A day to remember: Margaret Mead

Margaret Mead (December 16, 1901 – November 15, 1978) was an American cultural anthropologist who featured frequently as an author and speaker in the mass media during the 1960s and 1970s. She earned her bachelor's degree at Barnard College in New York City and her M.A. and Ph.D. degrees from Columbia University.

Mead was a respected and often controversial academic who popularized the insights of anthropology in modern American and Western culture. Her reports detailing the attitudes towards sex in South Pacific and Southeast Asian traditional cultures influenced the 1960s sexual revolution. She was a proponent of broadening sexual mores within a context of traditional Western religious life. [1]

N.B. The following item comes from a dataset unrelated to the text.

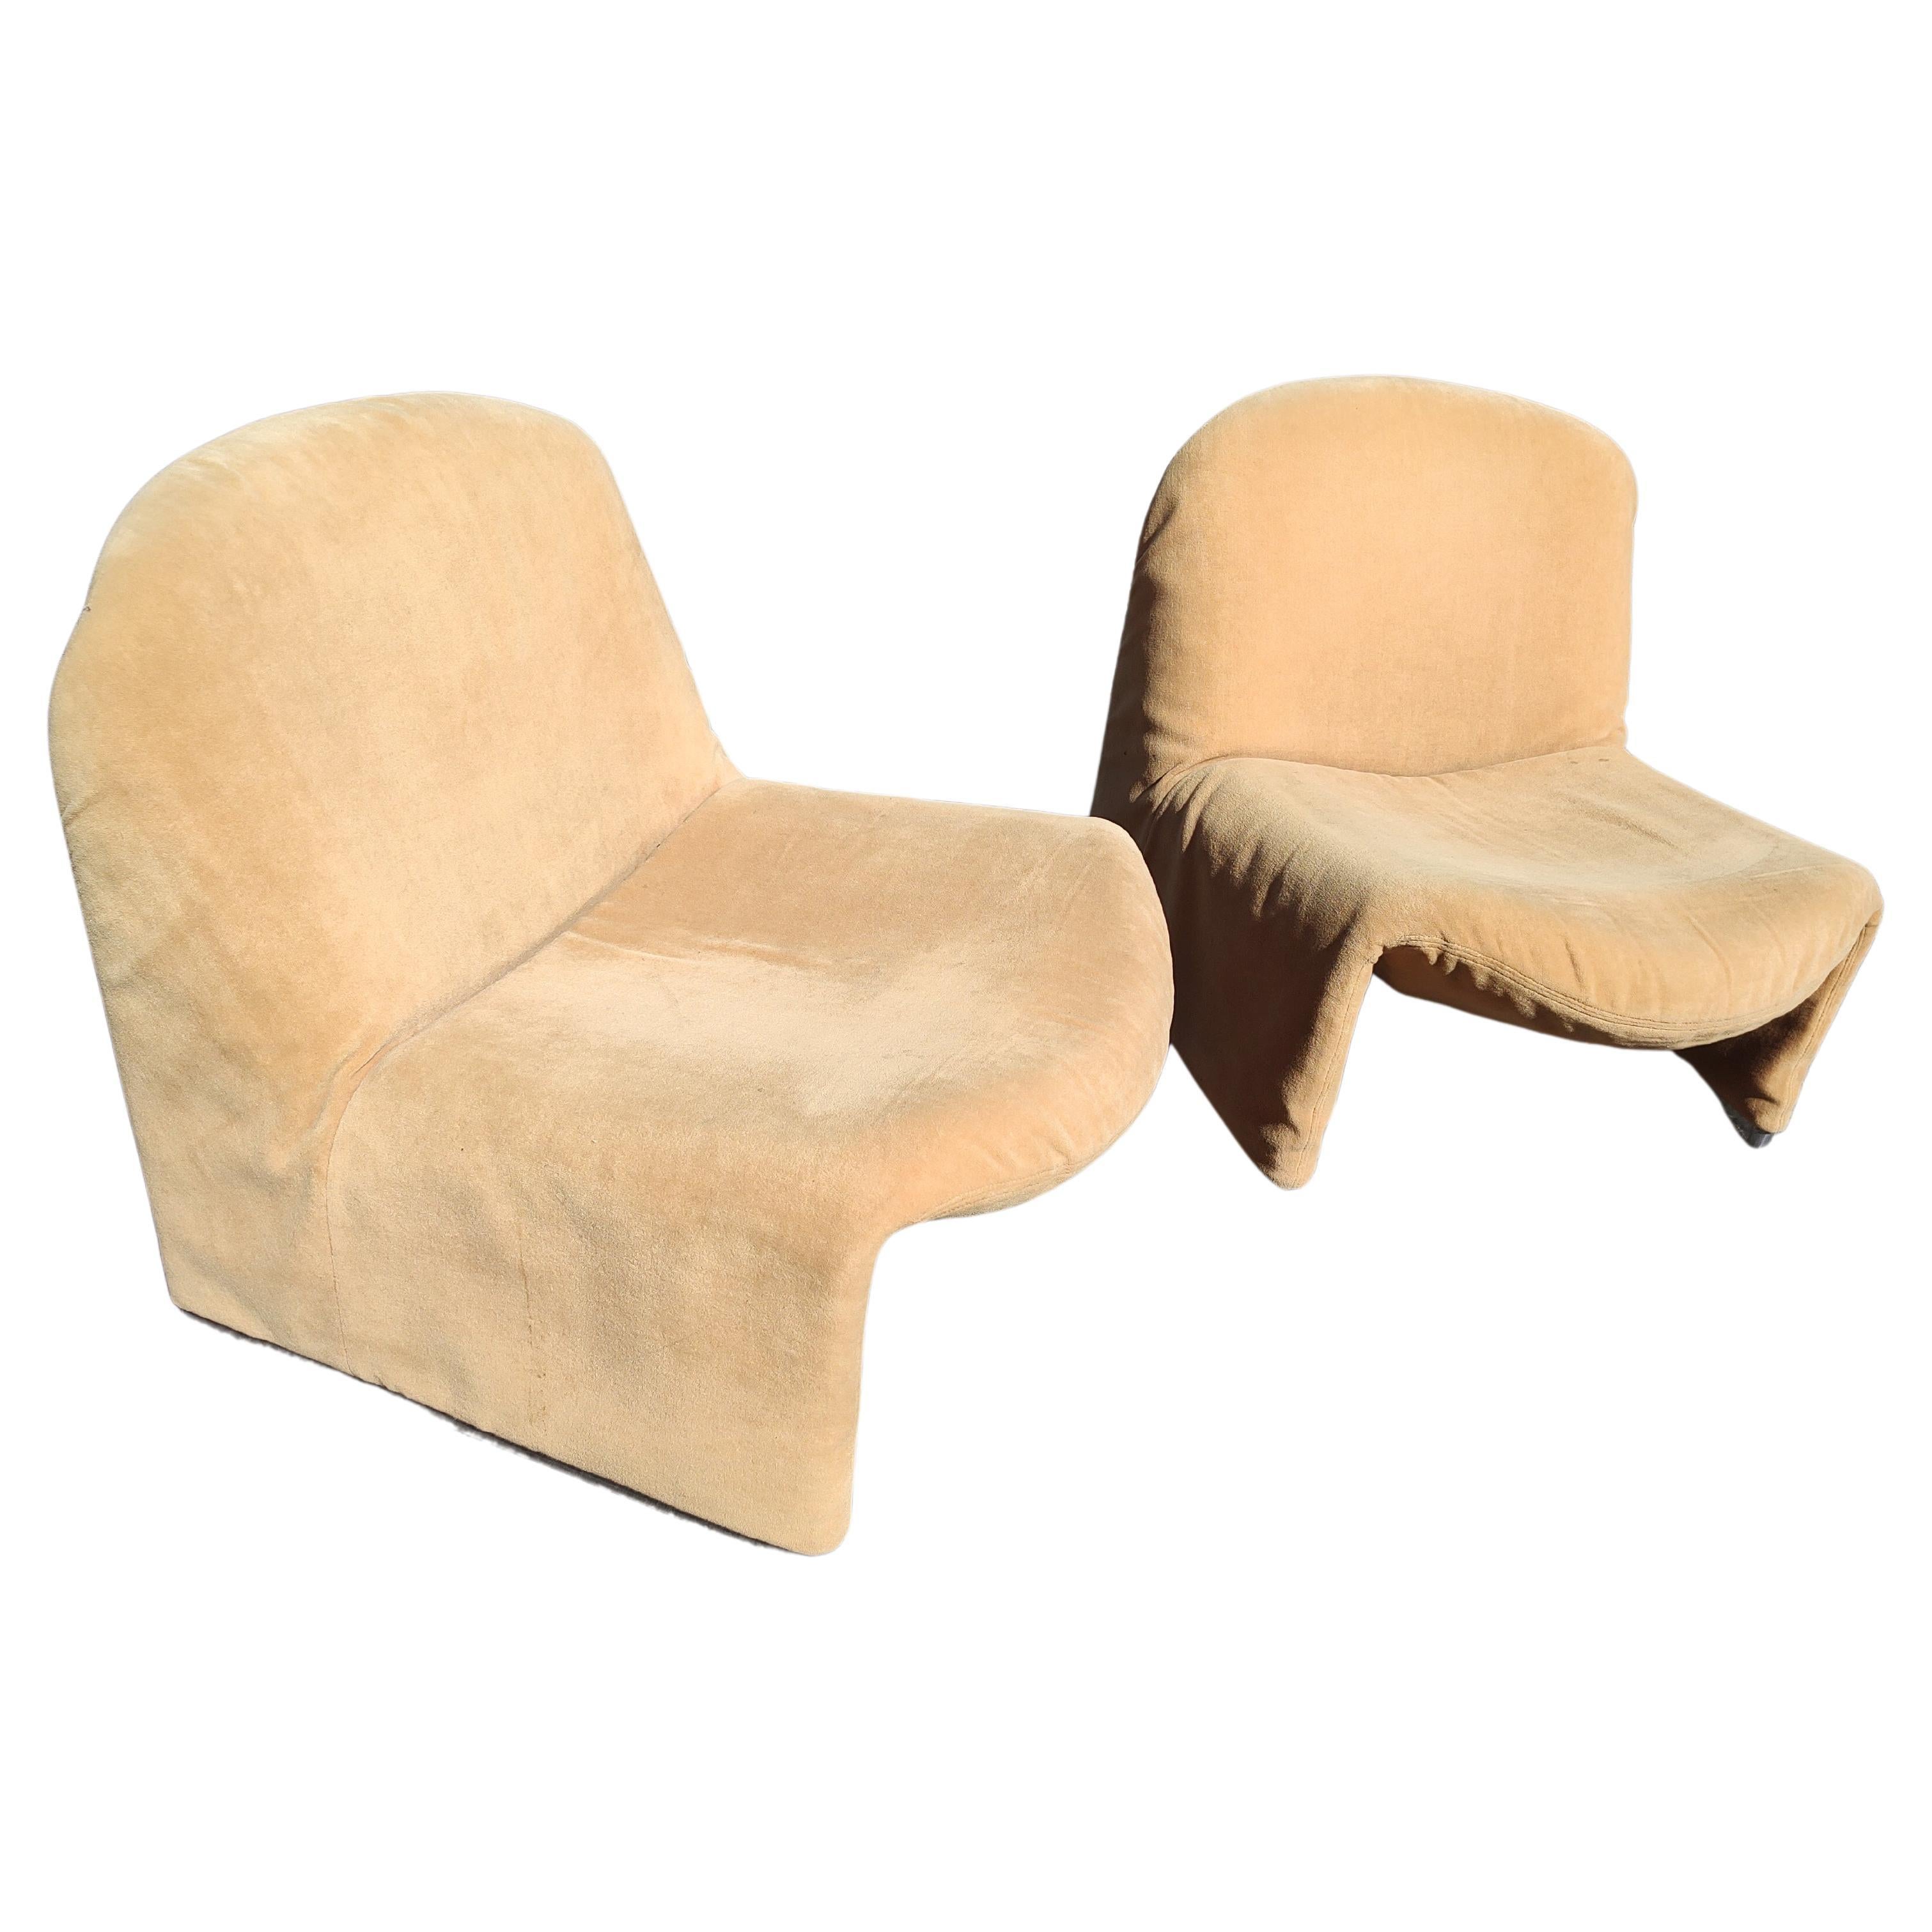 Pair of Mid Century Modern Alky Lounge Chairs Giancarlo Piretti for Artifort

When Margaret Mead died in 1978, she was the most famous anthropologist in the world. Indeed, it was through her work that many people learned about anthropology and its holistic vision of the human species. [2] And as such, she contributed a wealth of knowledge and insights to public health.

One of her quotes:

As the traveler who has once been from home is wiser than he who has never left his own doorstep, so a knowledge of one other culture should sharpen our ability to scrutinize more steadily, to appreciate more lovingly, our own.

December 16, the birthday of Margaret Mead, is a day to remember her.


  1. Margaret Mead, from Wikipedia, the Free Encyclopedia, accessed on 15 December 2016
  2. Institute for Intercultural Studies: Margaret Mead, an anthropology of human freedom. Biography.